Als er seinerzeit zum Verwaltungschef der Felsenratten gewählt worden war, hatte George bekräftigt, dass er sich weder ein protziges Büro einrichten noch unnötig viel Personal einstellen würde. Im Lauf der Jahre hatte er sich auch an diese Vorgaben gehalten — in gewisser Weise. Das Büro befand sich noch in Georges Unterkunft; nur dass sein Quartier langsam, aber stetig sich ausgebreitet hatte, bis es die ganze Länge eines der Raumschiffsmodule einnahm, aus denen Chrysallis bestand.

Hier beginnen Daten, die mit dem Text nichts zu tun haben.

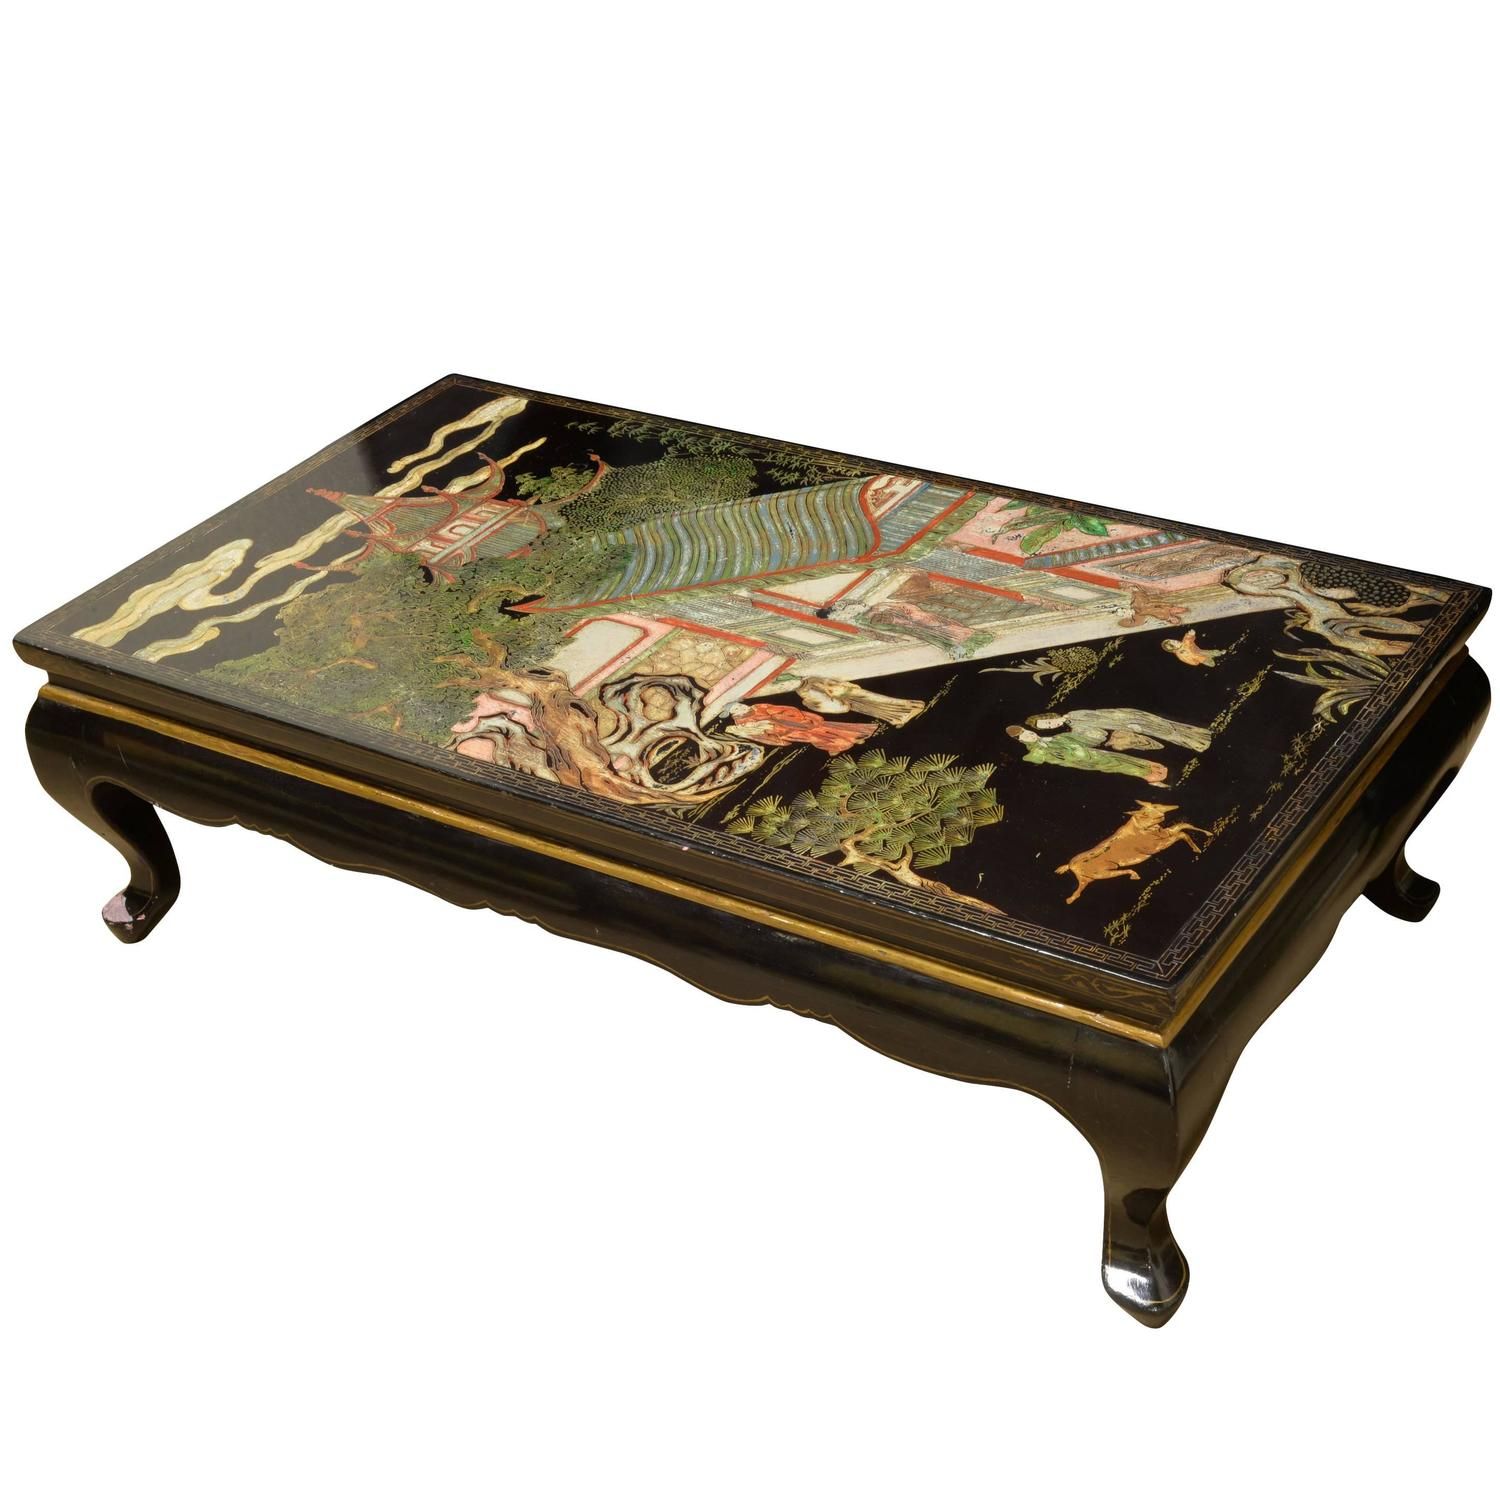 Oriental Black Lacquer Coffee Table At 1stdibs Pertaining To Antique White Black Coffee Tables (View 8 of 15)

»Nur eine Seite des Durchgangs«, rechtfertigte George sich grollend, als Pancho ihn deshalb aufzog. »Und ich habe keinen einzigen Mitarbeiter angestellt, den ich nicht wirklich gebraucht hätte.«

Georges »Büro« war noch immer das Wohnzimmer seines Quartiers. Er hatte keinen Schreibtisch, nur bequeme Möbel, die aus verschrotteten Raumschiffen stammten. Nun saß er auf einem Liegesitz, der einmal eine Pilotenliege gewesen war. Pancho hatte sich quer auf einen ähnlichen Sitz gesetzt und ließ die langen Beine über die Armlehne baumeln.